Trace plot when fitting to data with 2 clusters:

Any ideas? Full code in the google colab: Google Colab

fehiepsi · May 16, 2024, 1:40pm

Could you compare vmap results, rather than just shapes? Then gradually add more dimensions. This will confirm that your log_prob is correct (in the sense of representing the log density of a distribution). Inference is another story (you might need to deal with label switching issues - i’m not sure).

jim · May 16, 2024, 1:48pm

The vmap method produces the same results as calling the log_prob directly, so I think that is working correctly. Do you know why there would be label switching problems with this but not with the built in Bernoulli distribution dist.Bernoulli(phi).to_event(1)?

fehiepsi · May 16, 2024, 10:09pm

Given cluster_proba and assignment, new_cluster_proba = 1 - cluster_proba and new_phi = 1 - phi (or its permutation), I feel like they will give you the same density. (I’m not sure what is the phi[..., 3] in your code, what do you mean by “such issue does not happen with the built in dist.Bernoulli(phi).to_event(1)”).

jim · May 19, 2024, 10:48am

If I modify the model to use the distribution we discussed before in this thread: Mixture model with discrete data in Numpyro - #8 by jim (assuming independent Bernoullis) then I don’t get the label switching behaviour and all the model parameters are estimated pretty well.

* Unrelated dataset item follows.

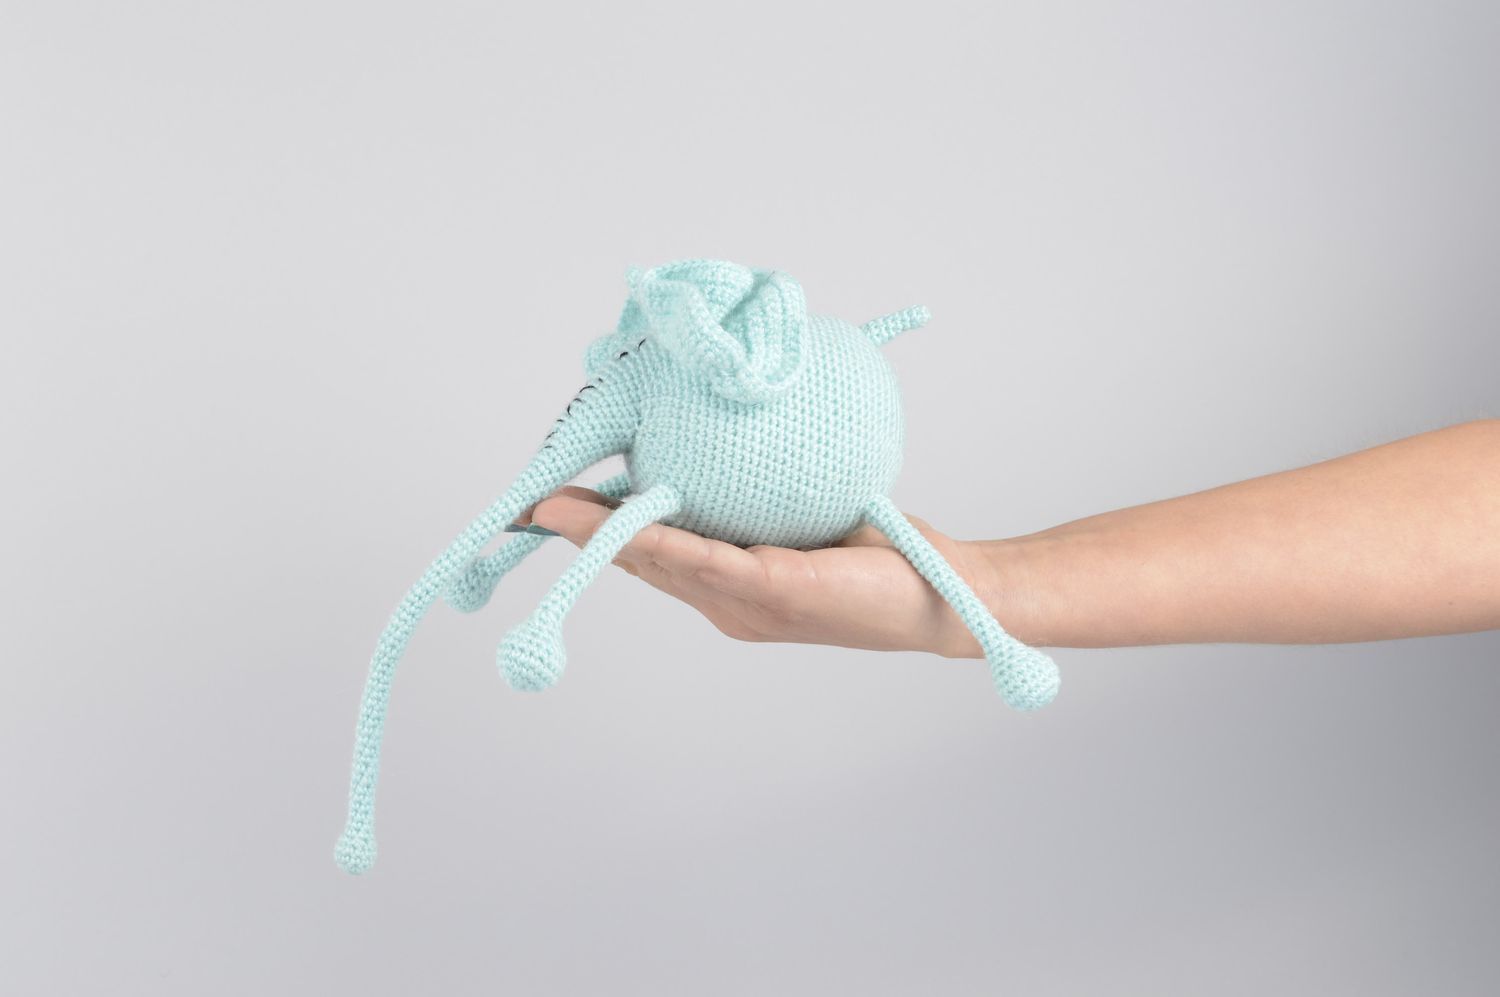 Мягкая игрушка ручной работы игрушка слоник голубой вязаная игрушка из акрила фото 4

The change to this custom distribution does take a bit of modification to the model, as the parameters of the independent case are simple probabilities that I’ve used Beta priors and sampling for them, but the case here has a constraint that the parameters are a simplex so I need to use something like a Dirichlet prior instead.

Even without the label switching here, the model looks like it would still be dumping all observations in the same cluster, which is not what I want.

Thanks.

fehiepsi · May 19, 2024, 3:43pm

Do you think the posterior is easy to sample from (e.g. single modal)? If not, you might need Example: Neural Transport — NumPyro documentation or something else.

jim · May 21, 2024, 11:54am

I’m pretty sure the posterior should be well behaved, ie single modal.